Ottawa native Jacqueline Madogo, 22, also made her World Championships debut, racing in the women’s 4×100-metre relay event. The Canadians finished fifth in their semi-final heat and 10th overall in a time of 43.09 seconds.
“I loved working with the girls and being together. We have natural chemistry. I felt so welcomed,” highlighted Madogo, who teamed up with veterans Crystal Emmanuel, Khamica Bingham and Leya Buchanan. “I mean, two years ago, I was a soccer player, so I had no idea I’d be here. It’s been a great experience.”
Pembroke’s Madeleine Kelly was another first-time World Championships competitor. She placed sixth in her heat and 33rd overall in the women’s 800 metres, finishing in 2:02.71.
AROUND THE GOLFING GREENS
Royal Ottawa Golf Club’s James Newton, who is heading to Rutgers University in August, Felix Bouchard of Richelieu Valley and Jean-Philippe Parr of Ki-8-Eb will represent Quebec in the Interprovincial team event at the Canadian boys’ junior golf championship Aug. 7-10 in Kamloops, B.C.
Quebec won the 36-hole team event the last time the national championship was staged in 2019.
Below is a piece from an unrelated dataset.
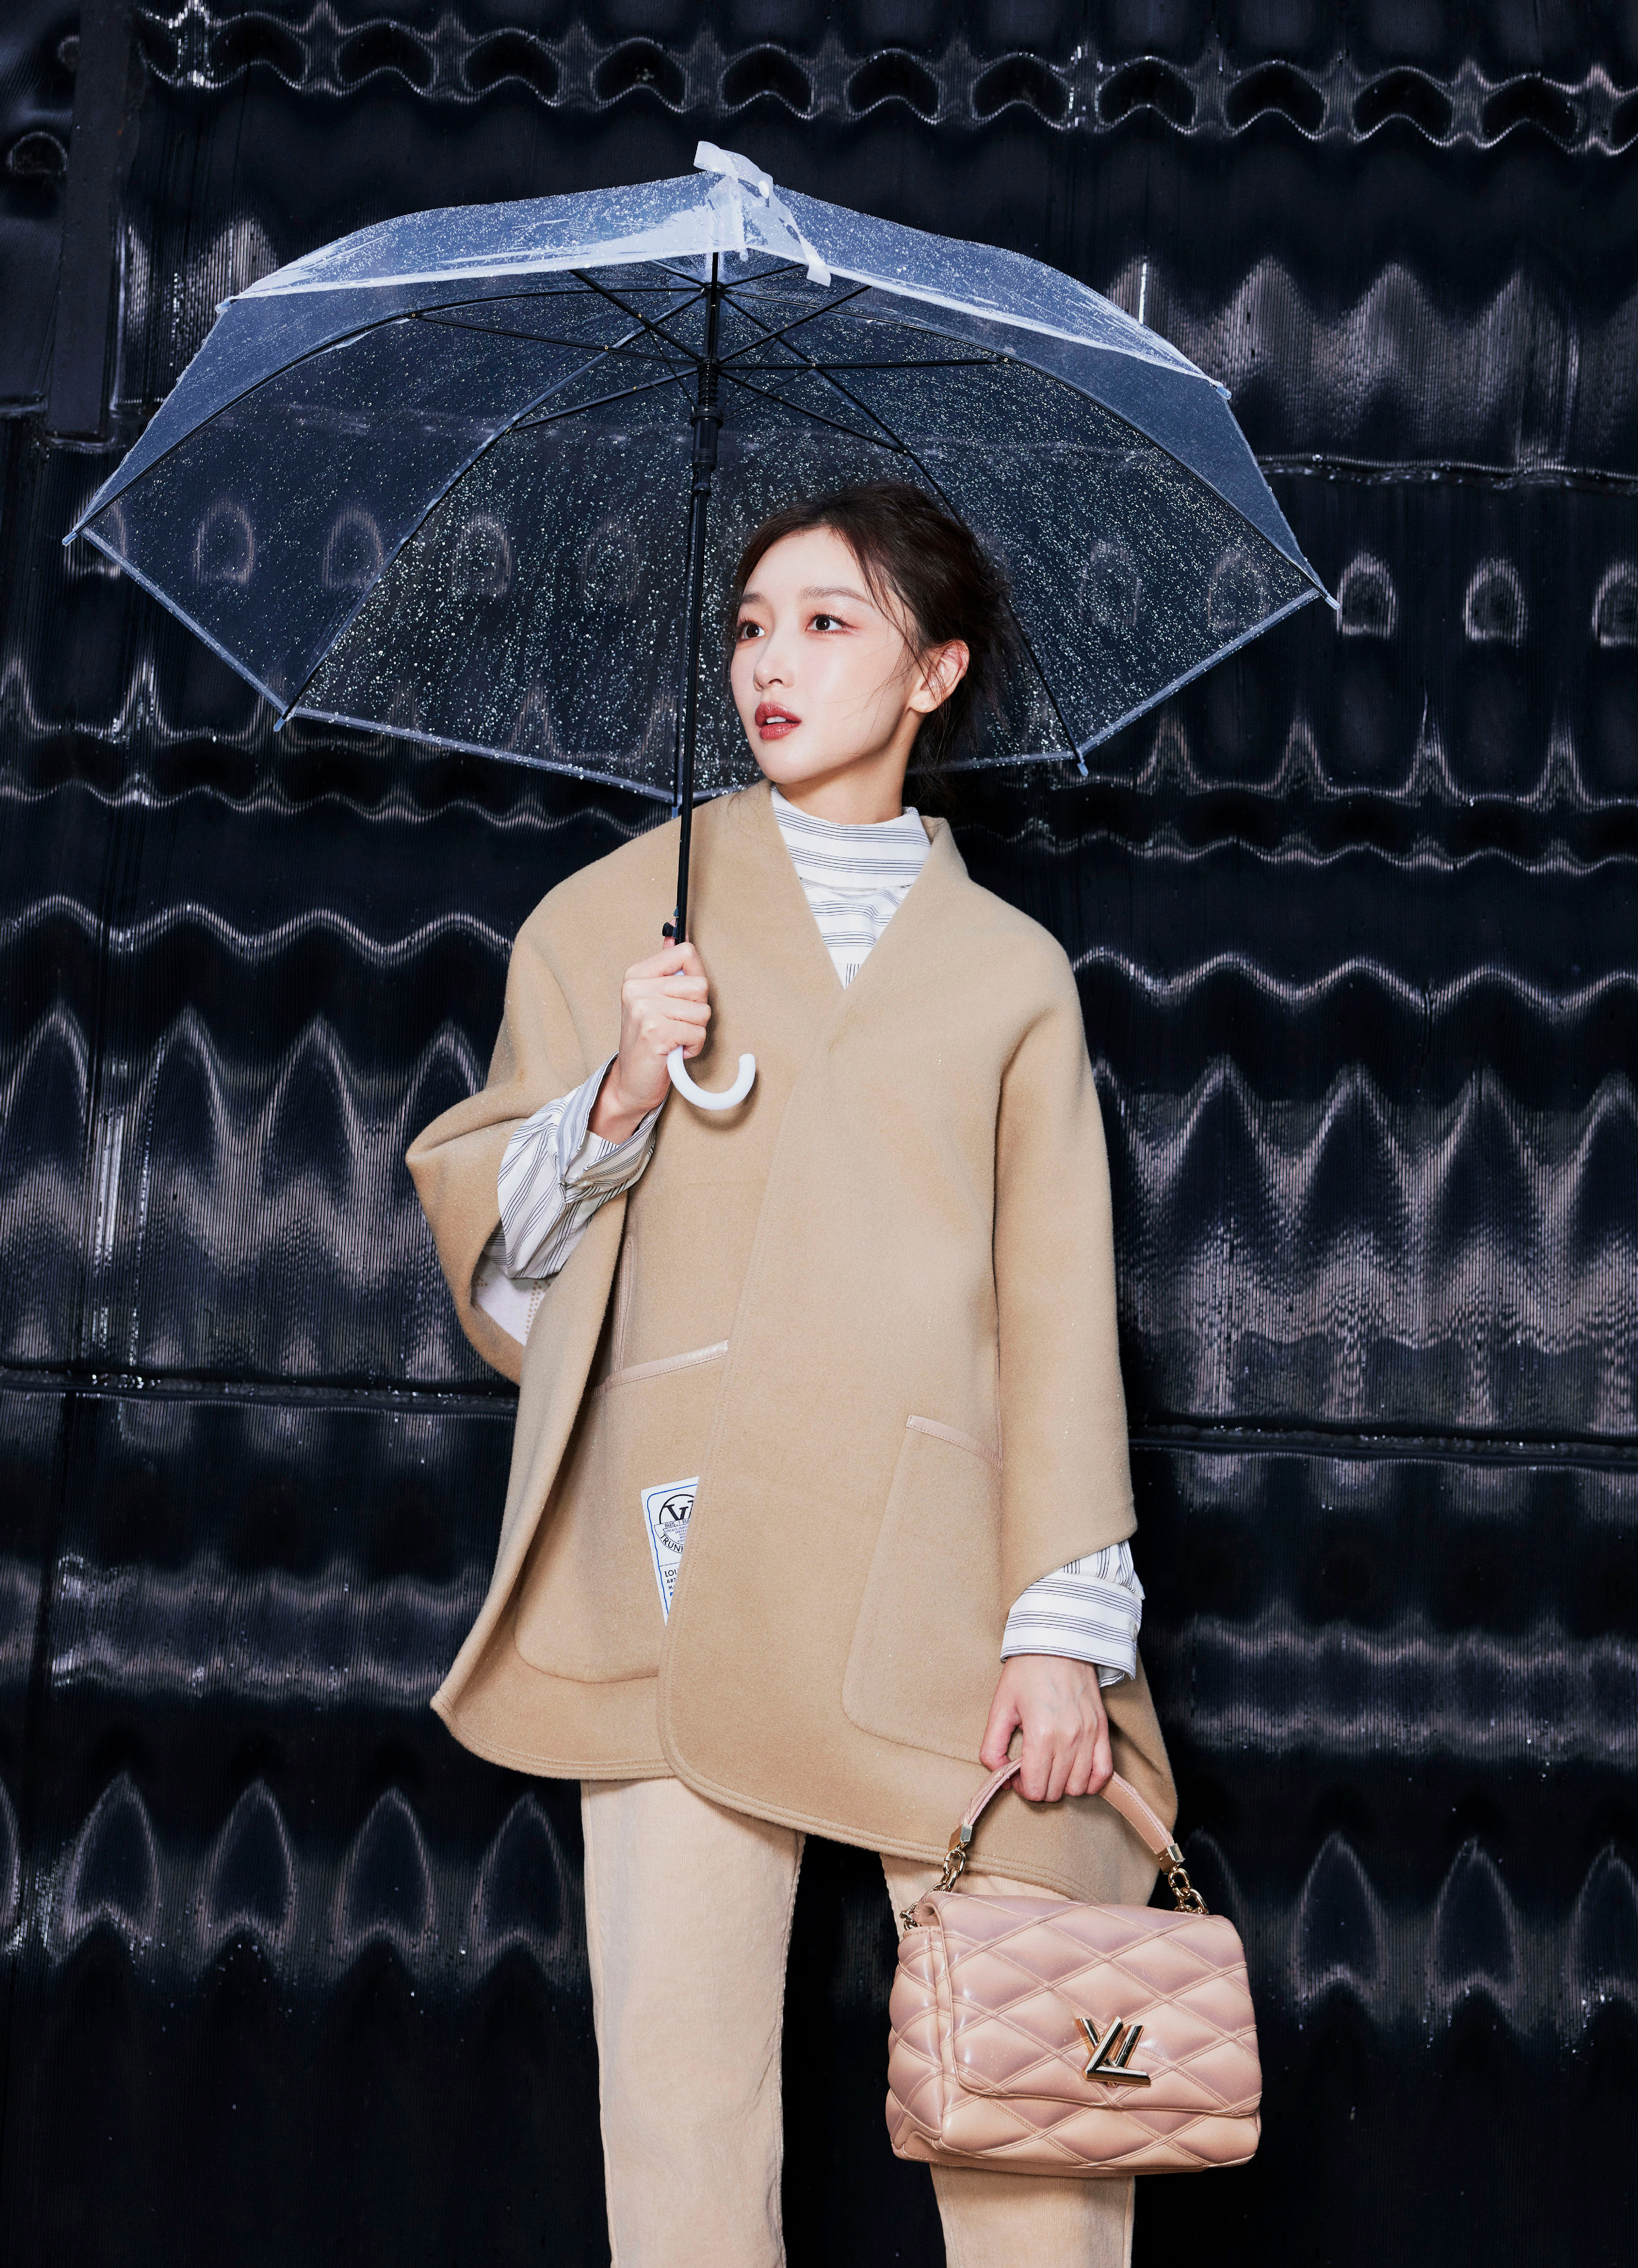 周冬雨亮相巴黎时装周 棕色系穿搭时尚感十足 单手撑伞轻松惬意

At the Quebec boys’ junior championships in Rimouski, Max Corcoran of Loch March tied for 15th place, after shooting rounds of 78-79-71-76 for a 16-over-par total of 304.
Yaorui Xu of the Ottawa Hunt shared 23rd place overall, but was 11th as a juvenile with scores of 73-82-75-77-307. Samuel Deneault of the Royal Ottawa was 27th at 80-76-76-78-310.
Ottawa Hunt’s Peter Harrison was the runaway winner of the Ottawa Valley Golf Association men’s senior championship, firing a 69 at Carleton and a 71 at Loch March for a three-under 140.
Ricky Coulombe of the Gatineau club was second at 72-78-150, while Greg Clarke of the Hunt took third at 74-77-151.
Lise Juberville of Hylands was the women’s senior champion, after rounds of 77 and 82 gave her a 14-over-par result of 159. Teri De Luis of Brockville was second at 82-80-162, and Diane Dolan of Hylands was third at 82-81-163.
Hayley Yerxa of Ottawa tied for 59th place at the 108th Canadian women’s amateur golf championship in Kitchener. She finished 25-over par at 80-75-82-80-317.
Three other Ottawa golfers didn’t make the cut – Ashley Lafontaine, 75-85-160; Antonia Ho, 84-83-167; and Stephanie Chiarotto, 91-93-184.
LETDOWN FOR KELLEIGH RYAN AT FENCING WORLDS
Kelleigh Ryan and the Canadian women’s foil fencing team had high hopes entering the July 16-22 Fencing World Championships in Egypt, with three athletes ranked inside the world’s top-10 for the first time ever, but the end results weren’t quite as lofty.
In her individual competition, Ryan ran into Romanian fencer Maria Boldor in her round of 64 and lost 15-5 to the eventual bronze medallist who also knocked out Canadian teammate Eleanor Harvey in the round of 16. Harvey earned the top Canadian result in ninth place, while Jessica Guo was 11th and Ryan 33rd.
In the women’s foil team event, Canada couldn’t climb past its quarter-final hurdle, falling 45-28 to Japan. The Canadians earlier beat Mexico 45-20 and then earned fifth place overall thanks to placement match victories over Poland (38-35) and Spain (45-21).
– with files from Javier Clavelo
Martin Cleary has written about amateur sports for 50 years. A past Canadian sportswriter of the year and Ottawa Sports Awards Lifetime Achievement in Sport Media honouree, Martin retired from full-time work at the Ottawa Citizen in 2012, but continued to write a bi-weekly “High Achievers” column for the Citizen/Sun.